- [Work required]: Line by line, set down all the data below exactly, omitting any picture.

### Data provided

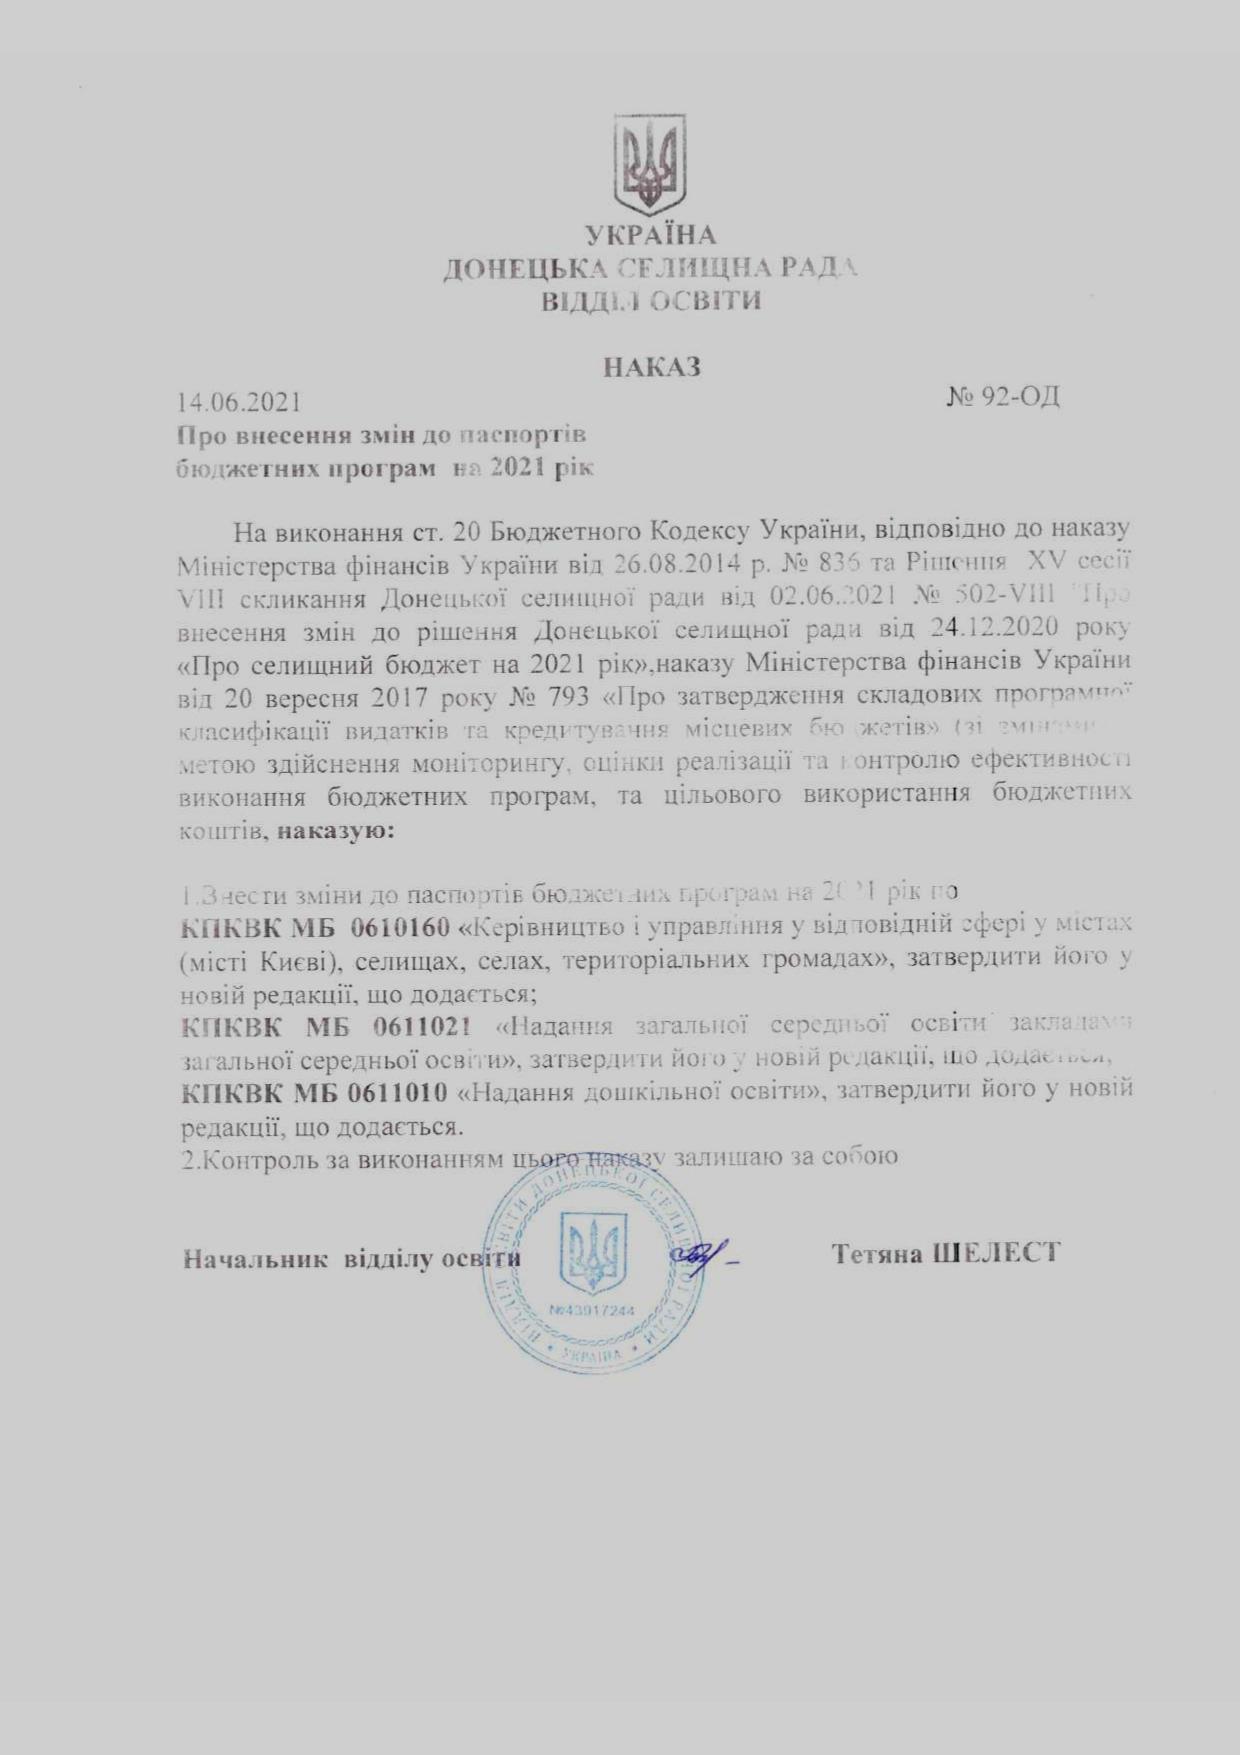 Наказ №92-ОД Про внесення змін до паспортів бюджетних програм на 2021 рік та ПАСПОРТИ бюджетних програм
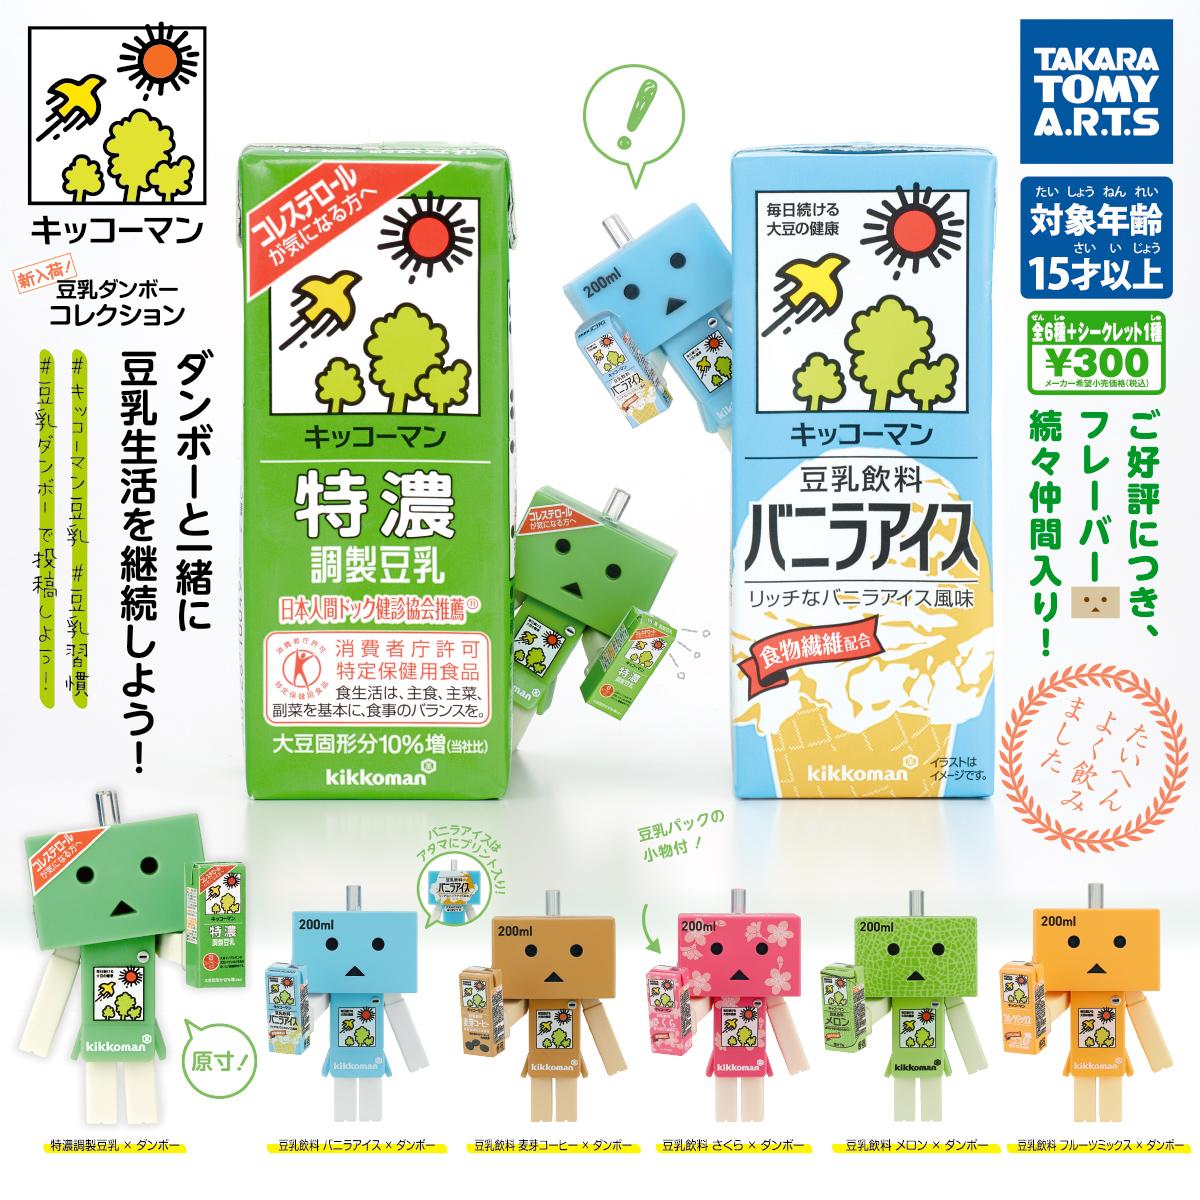 キッコーマン豆乳<BR>豆乳ダンボーコレクション 新入荷!
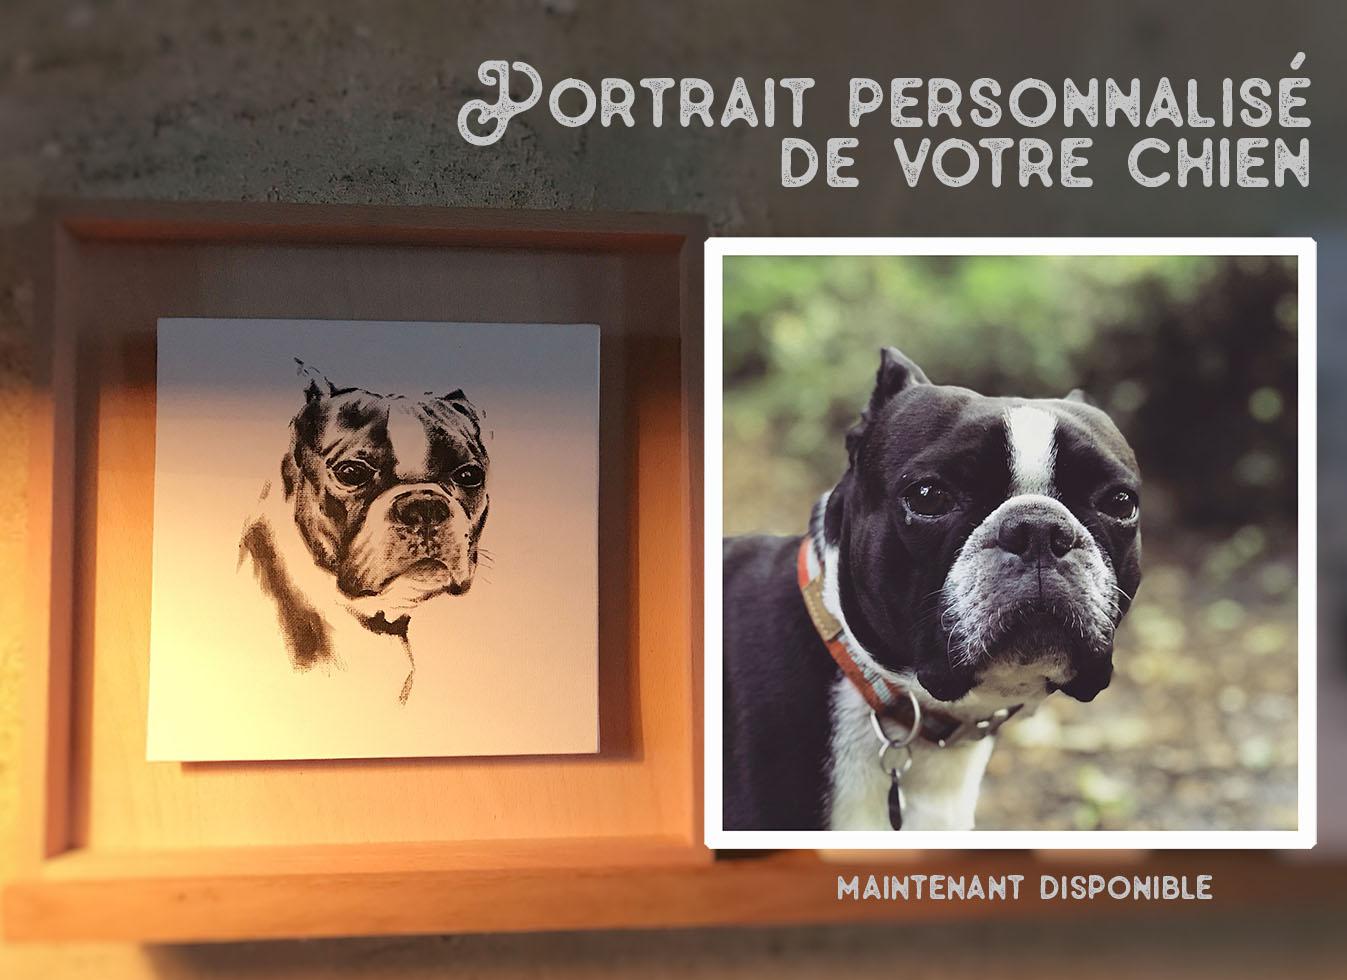 le parallèle entre un portrait dessiné et une photo du chien
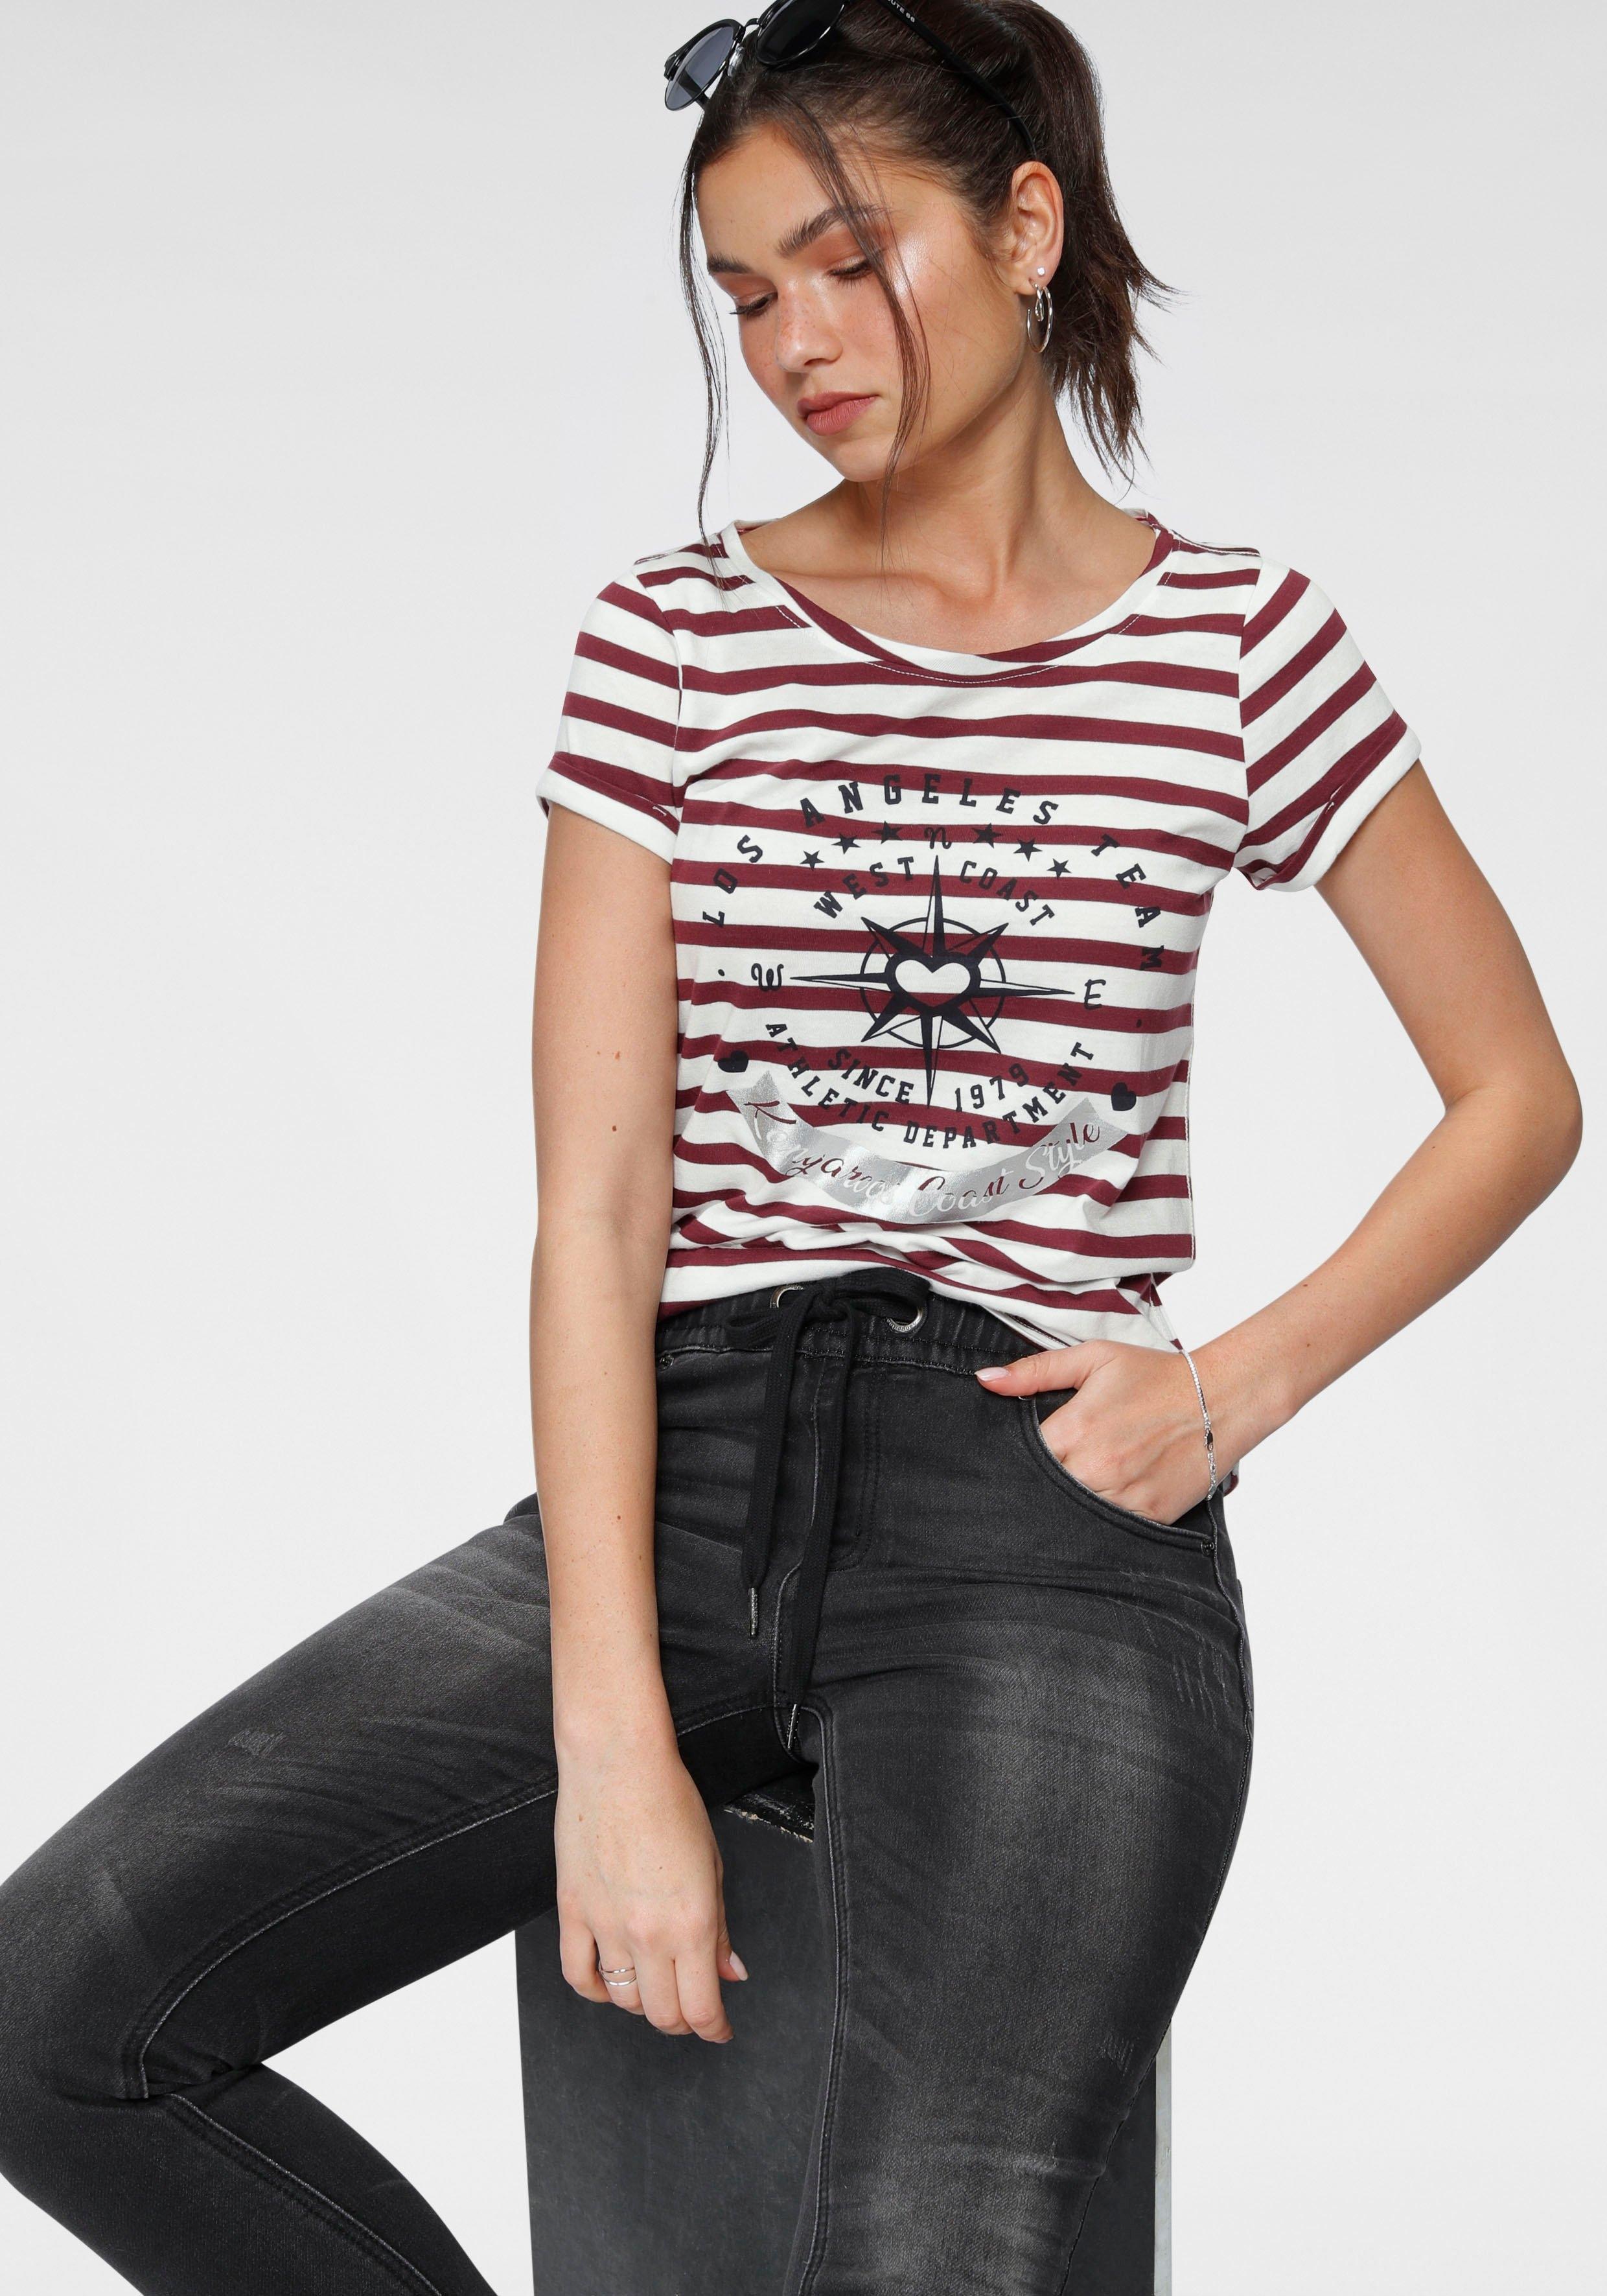 KangaROOS T-shirt met grote metallicprint voor goedkoop op otto.nl kopen

######

- [Reply]:
 Наказ №92-ОД Про внесення змін до паспортів бюджетних програм на 2021 рік та ПАСПОРТИ бюджетних програм
 キッコーマン豆乳<BR>豆乳ダンボーコレクション 新入荷!
 le parallèle entre un portrait dessiné et une photo du chien
 KangaROOS T-shirt met grote metallicprint voor goedkoop op otto.nl kopen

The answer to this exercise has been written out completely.